Sales tax collections from retail trade increased by "a shocking 36.8% over a year ago," or by $26.2 million, to $97.4 million, Shelnutt said.
"I would attribute that to federal stimulus money flowing into Arkansas, combined with some rebound in the economy in a V-shaped recovery," Shelnutt said. "Who knows what the eventual V-shape is going to look like?"
In addition, sales tax collections increased from a year ago because of "spending locally that might have been seasonally spent out of state on travel," he said.
"We do see a lot of evidence, not just in Arkansas, but across the country of a lot of spending on home improvement and that type of big-box store as well as discount stores and online stores," Shelnutt said. "There are actually stories out there of shortages of lumber starting to appear."
The sales tax collections from motor vehicle and trailer sales increased by $3.6 million, or 12.8%, over the same month a year ago to $32.4 million, Shelnutt said. "It's a blend of stimulus and redirection of spending patterns," he said.
• A $27.7 million, or 110.3%, increase in corporate income tax collections over the same month a year ago to $52.8 million, which outdistanced the forecast by $23.7 million, or 81.4%, in a normally light collection month.
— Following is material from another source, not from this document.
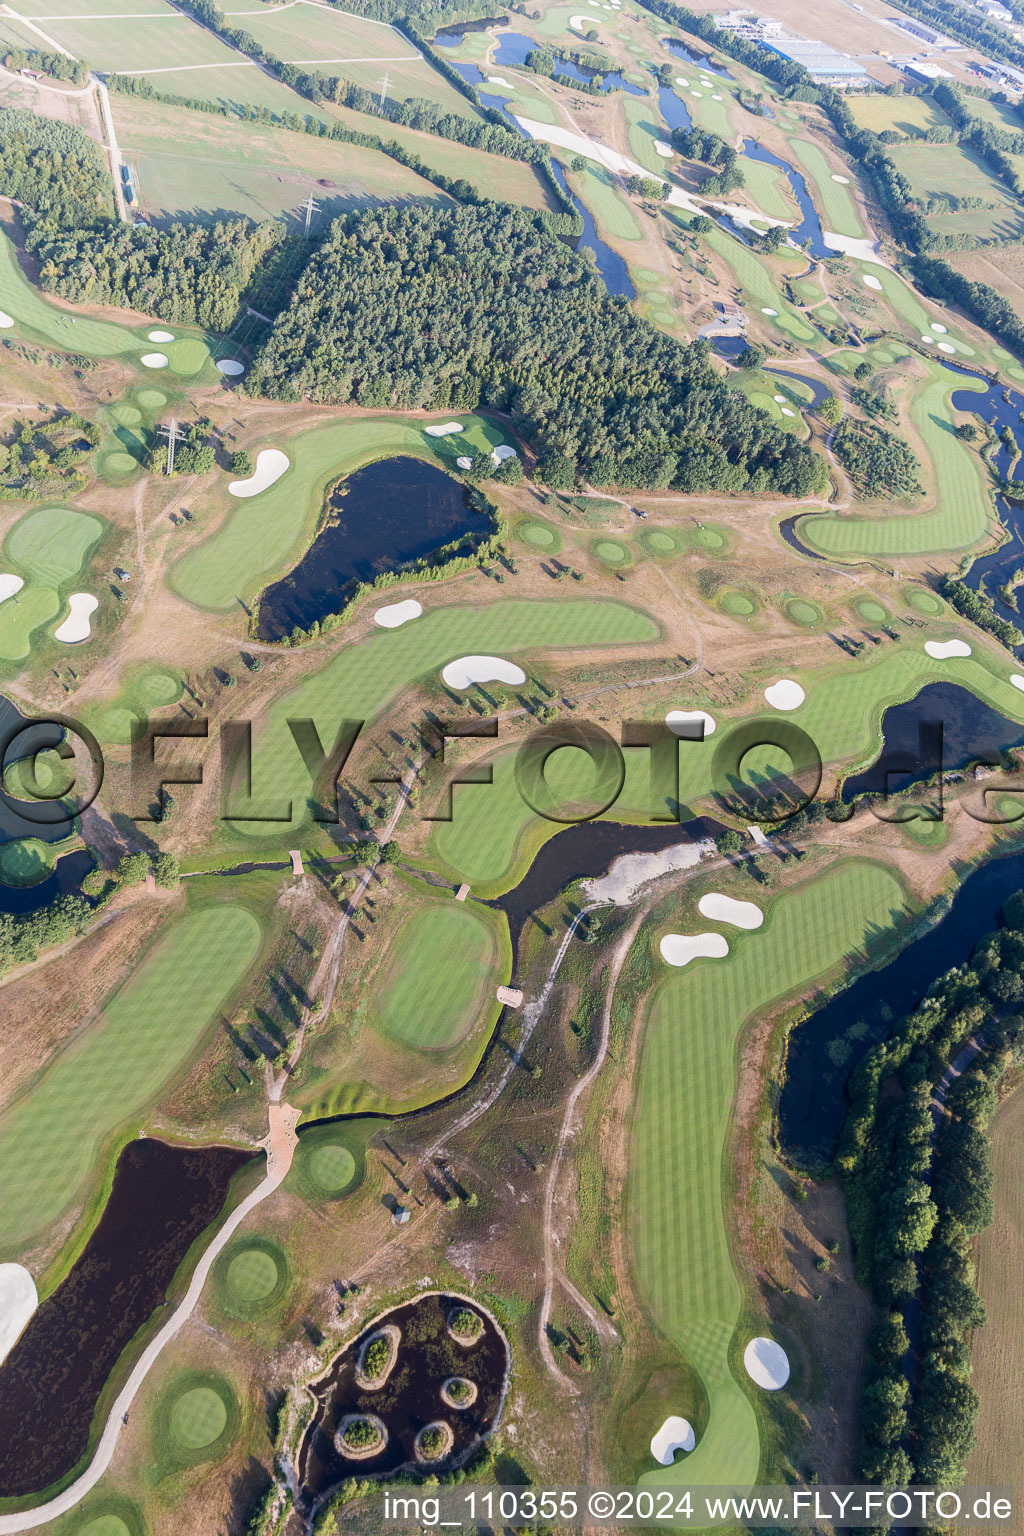 Grounds of the Golf course at Green Eagle Golf Courses in Winsen (Luhe) in the state Lower Saxony, Germany viewn from the air
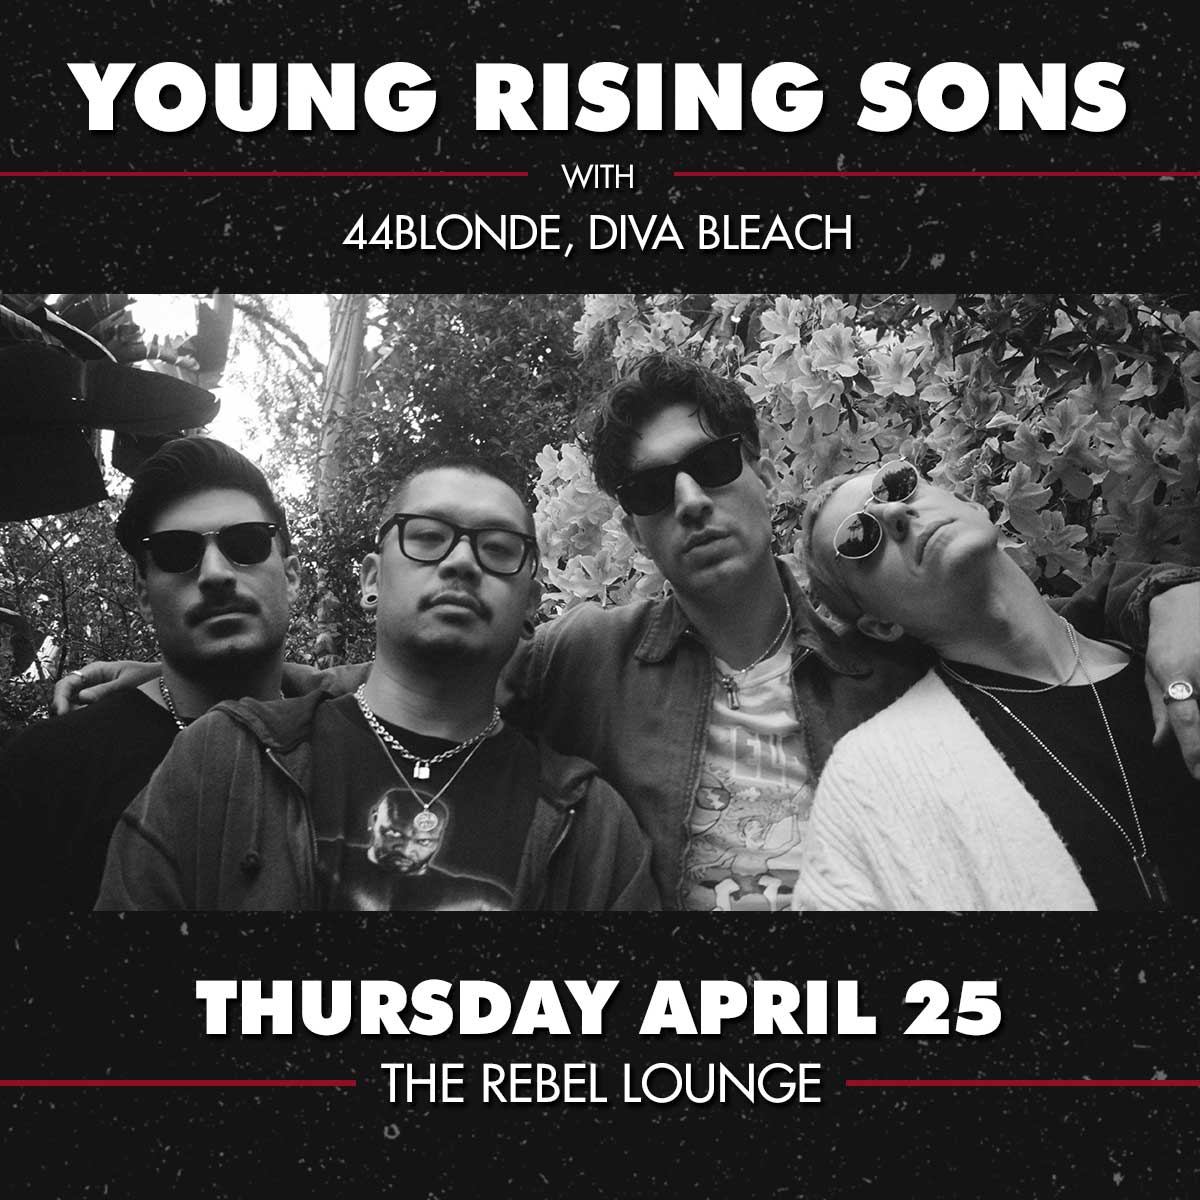 YOUNG RISING SONS

Corporate income tax collections are "more difficult to explain because of its volatility, and it's mainly large entities, not partnerships, not LLCs [limited liability companies], so they have different types of corporate tax planning," Shelnutt said.
• A $3.3 million, or 55.7%, drop in casino gambling tax collections from a year ago to $2.6 million, which fell about $300,000, or 10.1%, below the state's forecast.
The state's July 2019 gaming revenue included partial casino revenue and the normal one-month lag of collections from the expiring electronic games of skill revenue from June that was collected in July 2019, Shelnutt said.
The electronic games of skill had double the effective state tax rate of the current casino tax rate, he said. The casino tax rate -- which also has a different distribution rate to state general revenue -- was set by Amendment 100 to the Arkansas Constitution.
Amendment 100, approved by voters in November 2018, authorized the expansion of gambling operations and race tracks in Hot Springs and West Memphis into full-fledged casinos. Under Amendment 100, the Arkansas Racing Commission awarded a casino license in Jefferson County to the Quapaw Nation's Downstream Development Authority in June 2019; the license then went to Saracen Development LLC in October. The commission on Thursday awarded a casino license in Pope County to Gulfside Casino Partnership.
Larry Walther, secretary of the finance department, pointed out on Tuesday that "our refunds were a little higher" than expected in July, "so that cut back on the net available" general revenue for state agencies.
In July, individual income tax refunds increased by $32.9 million over the same month a year ago, to $41.6 million, and exceeded the state's forecast by $25 million as a result of delayed refund claims tied to the individual income tax due-date shift to July 15, according to the finance department.
On Jan. 1, 2021, the state's top individual income tax rate is to drop from 6.6% to 5.9% under Act 182 of 2019. The state's top rate dropped from 6.9% to 6.6% on Jan. 1 of this year.
State officials projected Act 182 would reduce general revenue by $25.6 million in fiscal 2020; by $48.5 million more in fiscal 2021; and then by $22.9 million more in fiscal 2022, which starts July 1, 2021, to ultimately reduce general revenue by $97 million a year.
On Jan. 1, 2021, the state's top corporate income tax rate also is scheduled to drop from 6.5% to 6.2% for income exceeding $100,000 under Act 822 of 2019.
That top rate is to drop to 5.9% for income exceeding $25,000, starting Jan. 1, 2022. State officials projected these corporate income tax cuts would reduce revenue by $9.8 million in fiscal 2021, $29.5 million in fiscal 2022 and $39.3 million in fiscal 2023 and beyond.